By virtue of the provision of the raised portions, ridges or projections on the exterior surface of the truncated cone, according to the present invention, not only is the application of mortar onto this surface facilitated, but also the proportioning and distribution of the mortar material over the exterior surface of the nozzle is made easier since the spaces between the raised portions will be entirely filled with mortar material. Accumulations of mortar can occur with this arrangement only at a distance greater than the heigth of the projections from the surface of the truncated cone. The adherence of the mortar to the surface of the protective insert provided with the raised surface portion is enhanced which will naturally have an effect on the residual thickness of the mortar layer. This will materially contribute to assuring that the mortar joint, when the elements are assembled, will be completely filled.
One of the chief advantages of the development of the present invention resides in the fact that it now will be possible to properly center the nozzle directly into the outlet passageway of the casting ladle thus minimizing the possibility of uneven expansion of the nozzle insert causing damage to the adjoining elements of the casting ladle.
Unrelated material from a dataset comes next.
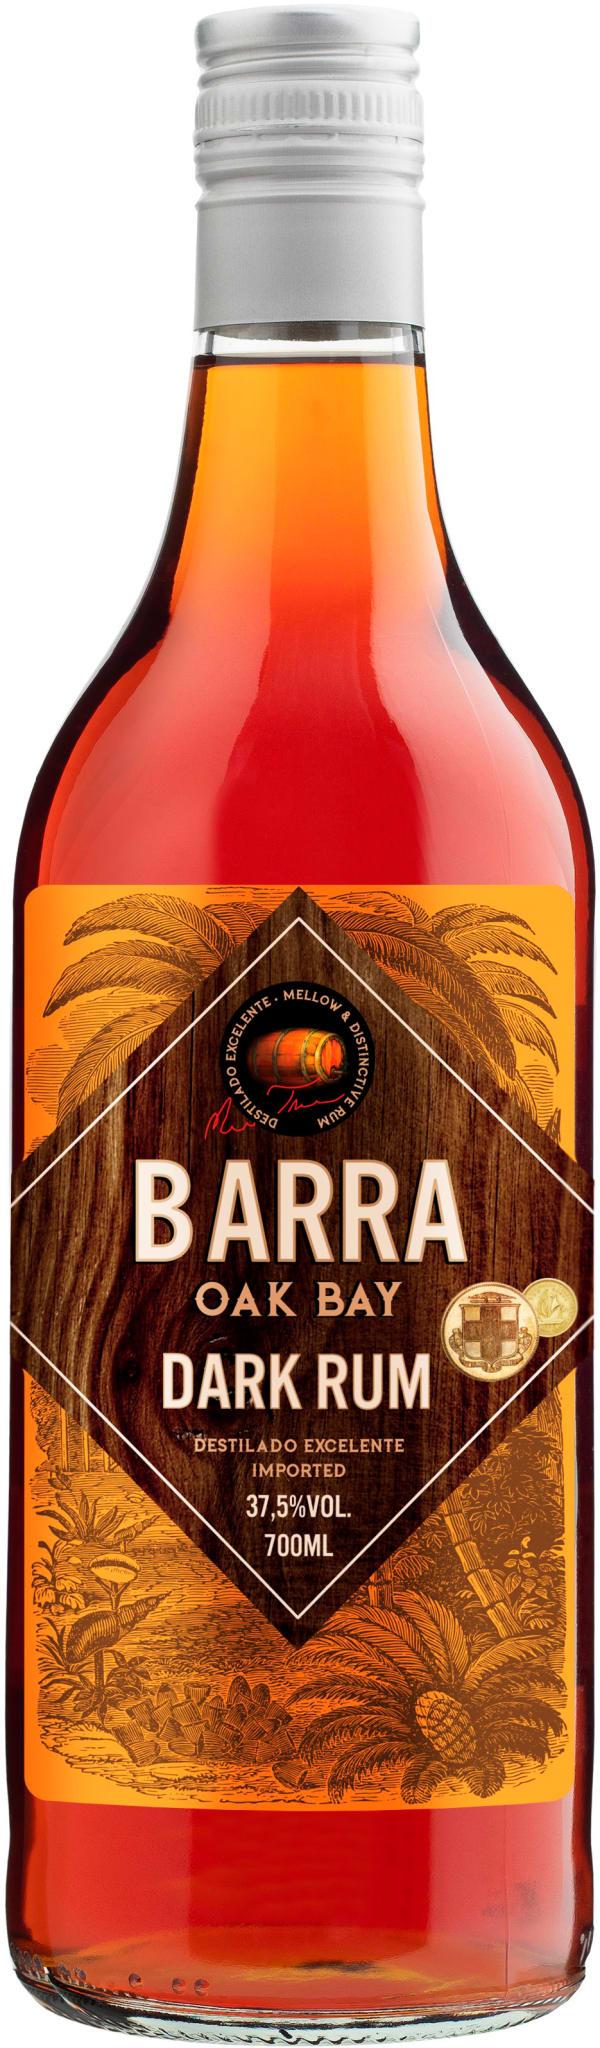 Barra Oak Bay Dark

Thus, according to the present invention, the raised portions or elevations on the surface of the truncated cone of the protective nozzle insert facilitate distribution and proportioning of the mortar over the surface of the insert as well as facilitate carrying of the mortar material into the outlet passageway on the exterior surface of the insert and also serve to assure proper centering of the cone-shaped insert in the outlet opening of the casting ladle. Additionally, it will be noted that these raised surface portions will occupy a portion of the joint volume itself, thus decreasing the danger of perforation or washing out of the mortar material by the molten metal.